Probablement, certains d’entre vous avez des arrière grands-parents, grands-parents, parents selon votre âge qui vous ont raconté leur vécu pendant cette période, qui ont rendu cette période un peu concrète pour vous.
Sinon, il est difficile d’imaginer dans notre monde d’abondance actuel ce qu’ont vécu les personnes pendant ces années, les femmes qui passaient des heures à faire la queue sans forcément de résultat, la faim souvent ressentie sans pouvoir la combler, notamment quand on était adolescent avec des besoins importants, la débrouille pour bricoler des semblants de repas, les ersatz d’aliments, qu’il s’agisse du sucre, du café, remplacé par des mélanges divers (photo ci-dessous), …
La pénurie commence très vite au début de la guerre. Outre le manque bien réel, intense et durable de nourriture, l’organisation du rationnement a mis du temps à se mettre en place, avec notamment les tickets par âge ou métier. Les « J3 » adolescents ou les travailleurs de force ont, c’est logique, vu leurs besoins énergétiques, droit à des rations plus importantes. En théorie, car bien souvent, les femmes font des heures de queue pour trouver des rayons vides…

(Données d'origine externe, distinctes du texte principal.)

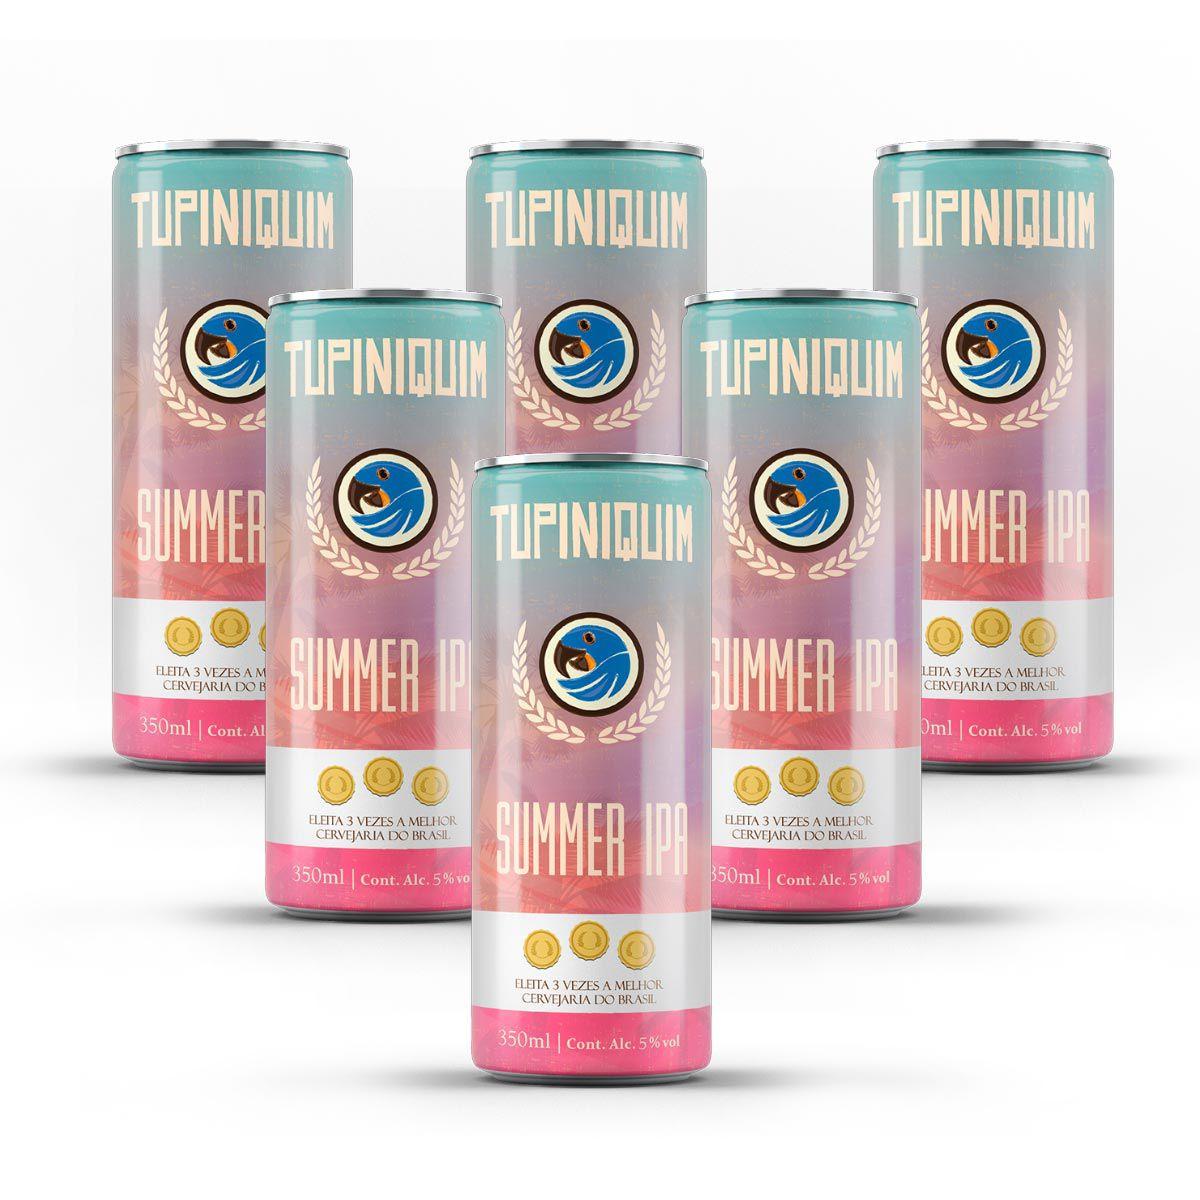 Pack Tupiniquim Summer IPA 6 latas 350ml

D’ailleurs, la colère gagne peu à peu devant les difficultés à trouver de quoi se nourrir et d’autant plus quand les personnes apprennent qu’une part non négligeable de l’approvisionnement est destinée aux Allemands (les pommes de terre notamment). Le gouvernement de Vichy est obligé de lâcher du lest à partir de 1941. Il autorise le « marché rose« , consistant à pouvoir recevoir ou aller chercher des colis et provisions alimentaires dans la campagne environnante. Heureux ceux qui avaient dans leur famille ou leurs proches des paysans pourvoyeurs de denrées de première nécessité. Et il tolère le « marché gris » de troc de produits manufacturés contre des denrées alimentaires. Reste illégal le marché noir, mais c’est le plus important, pour ceux qui peuvent y accéder. Par ailleurs, les consignes du pouvoir pouvaient être assez étranges. On apprend par exemple qu’on avait demandé aux boulangers de vendre le pain rassis, le lendemain de sa fabrication, afin de le rendre moins attractif….

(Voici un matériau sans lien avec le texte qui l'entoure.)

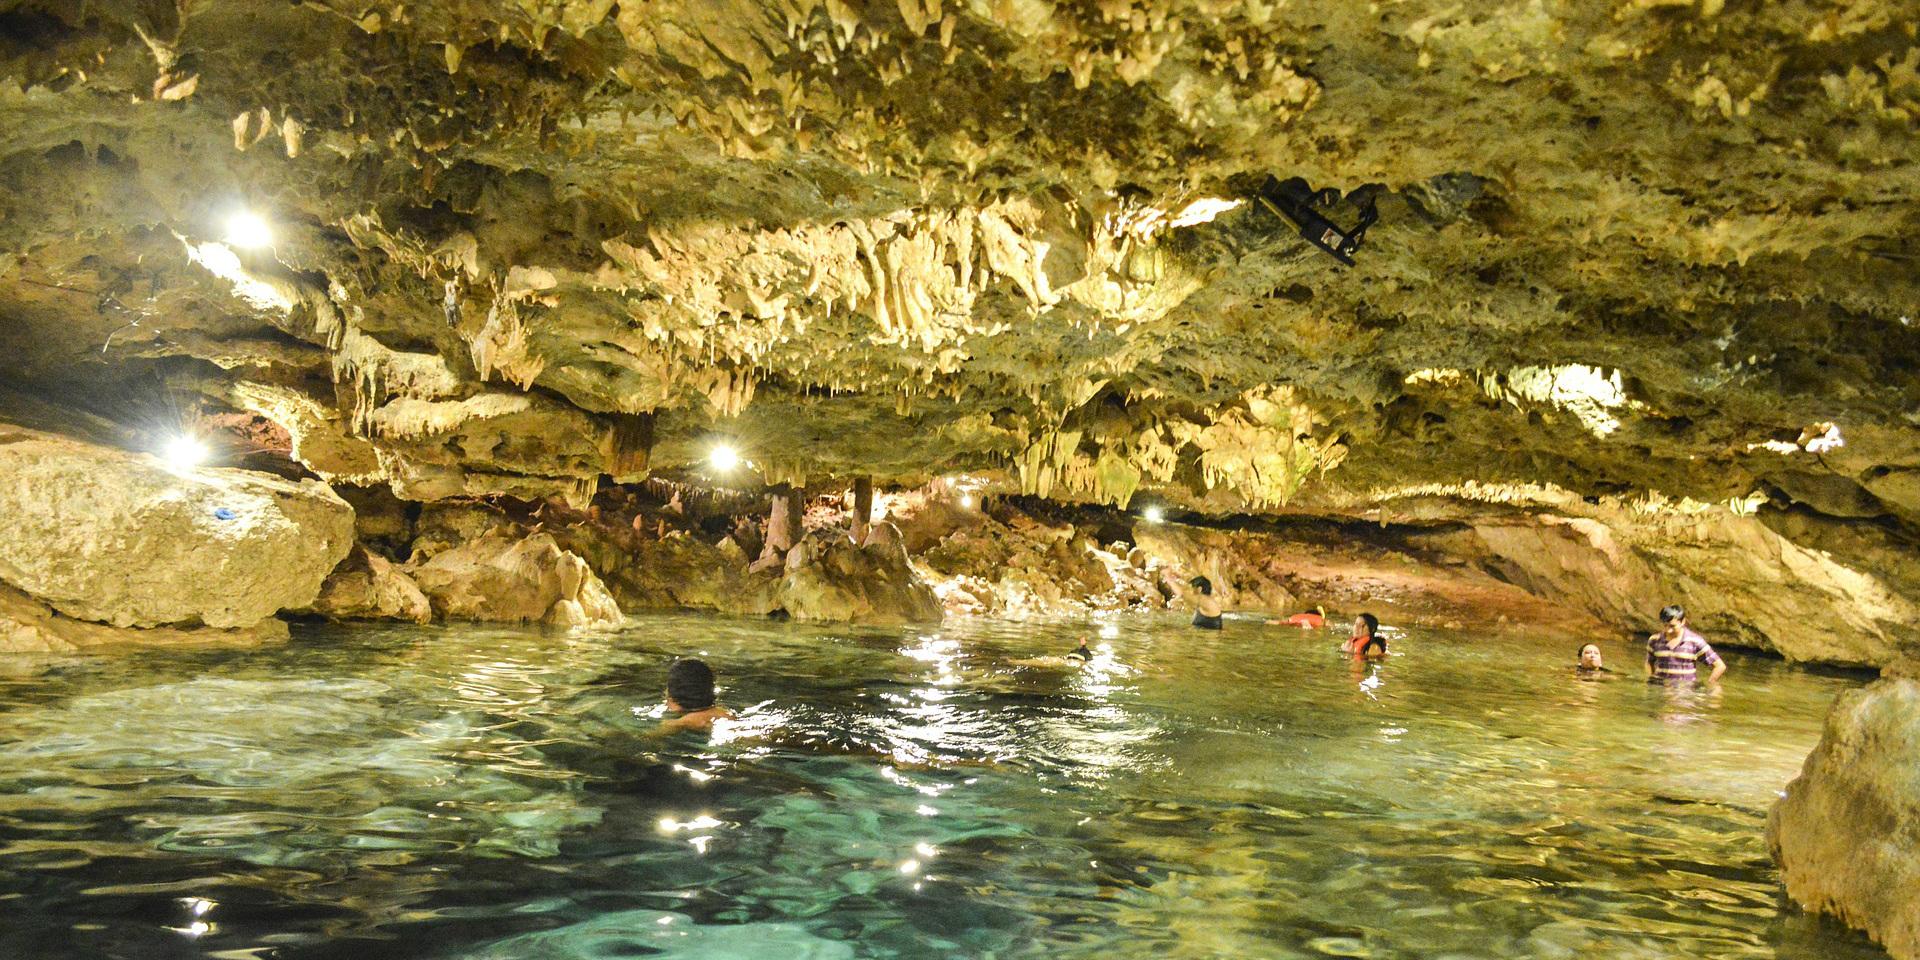 Go swimming in a Ceynote in Puerto Morelos, Mexico

L’exposition fait ressentir ce qu’ont été les difficultés de cette période. Il y a par exemple des témoignages audio de personnes qui étaient enfants ou adolescents et racontent quelques souvenirs, que ce soit la grande maigreur vécue alors, ou l’horreur durable des rutabagas. Il faut être né bien après la guerre pour avoir envie d’en manger, de même pour les topinambours… L’objectif de la collecte de ces témoignages était en effet à la fois d’évoquer des souvenirs mais aussi d’en raconter la trace qui a perduré. Et en effet, s’est transmis souvent de génération en génération la peur d’avoir faim, l’incapacité à gaspiller, la nécessité donc de finir son assiette, le savoir-faire pour accommoder des restes. Selon les familles, certains aspects se sont toutefois perdus au fil du temps et du développement de la société de consommation, avec son abondance, ses facilités et ses tentations, qui a mis à mal ces principes.

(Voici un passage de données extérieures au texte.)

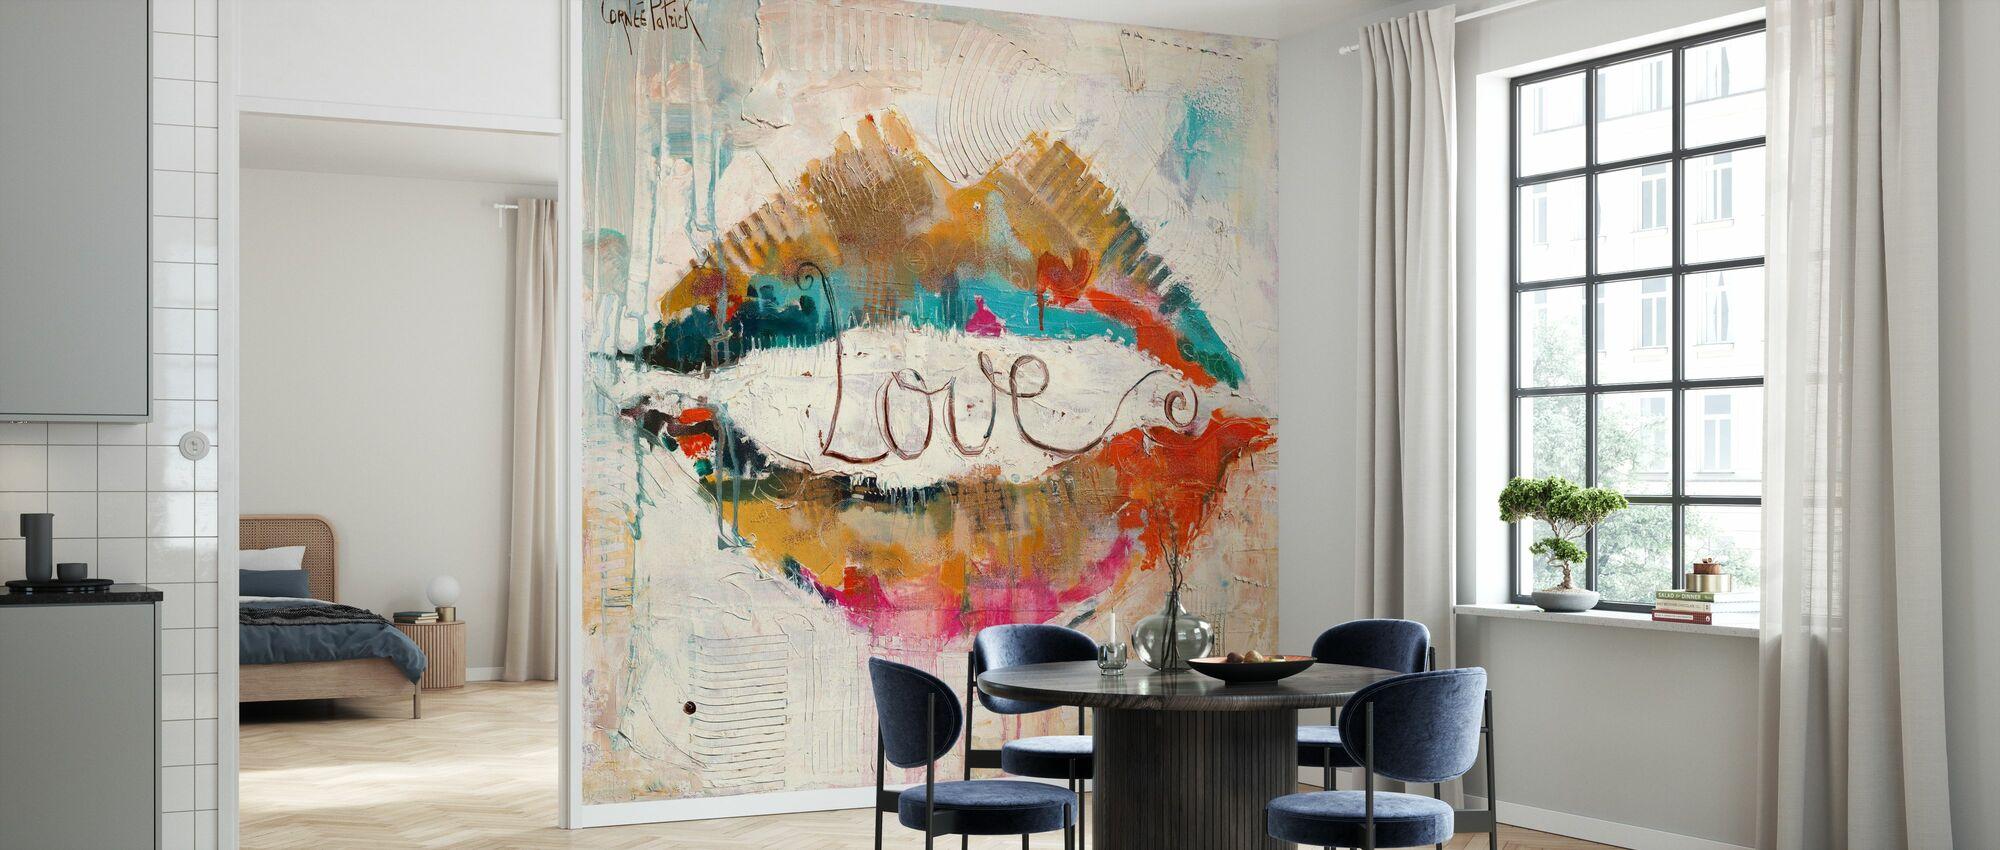 Love - Wallpaper - Kitchen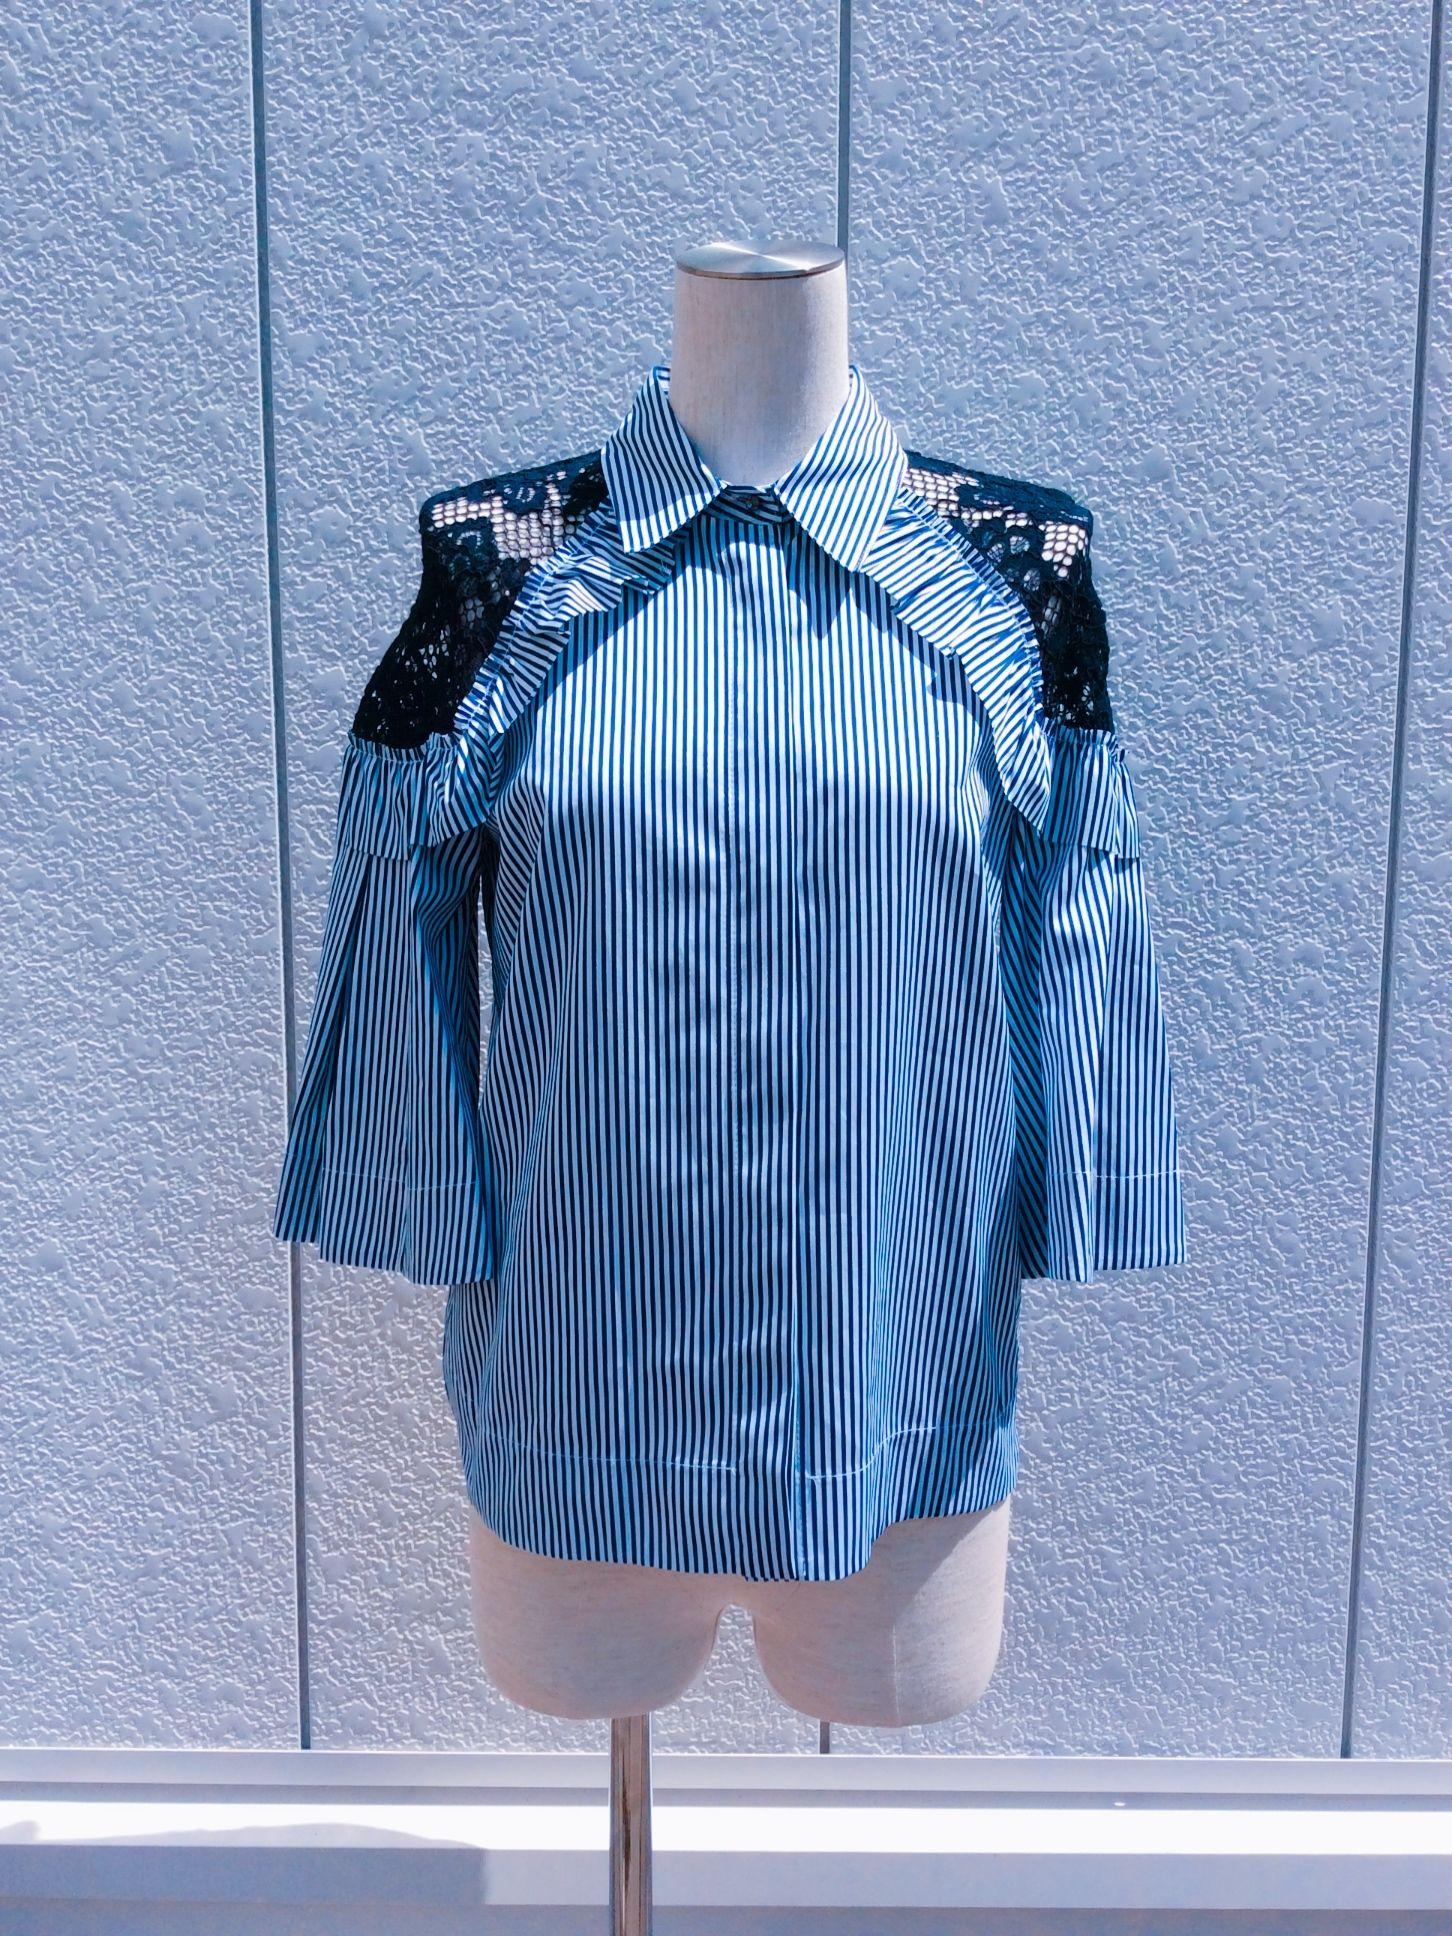 PINKO(ピンコ) lace blouse

L’ambiance générale de l’exposition
On pourrait vraiment pour cette période parler de la « charge mentale des femmes« , ce sujet d’actualité, car elles devaient faire des heures de queue, imaginer des solutions pour trouver le basique indispensable, être créatives en matière de recettes sans les aliments usuels pour que les plats restent un peu appétissants… Débrouillardise et ténacité étaient des qualités essentielles mais j’imagine que le découragement devait être parfois plus fort… Le sujet des femmes était orienté. Le gouvernement de Vichy voulait en effet promouvoir une femme épouse et mère, qui s’occupe valeureusement de sa famille… Les magazines féminins proposaient quantité de recettes de restriction. L’exposition met ainsi en avant les écrits d’Edouard de Pomiane, récemment réédité par Menu Fretin, qui tentait de proposer des solutions adaptées aux temps difficiles.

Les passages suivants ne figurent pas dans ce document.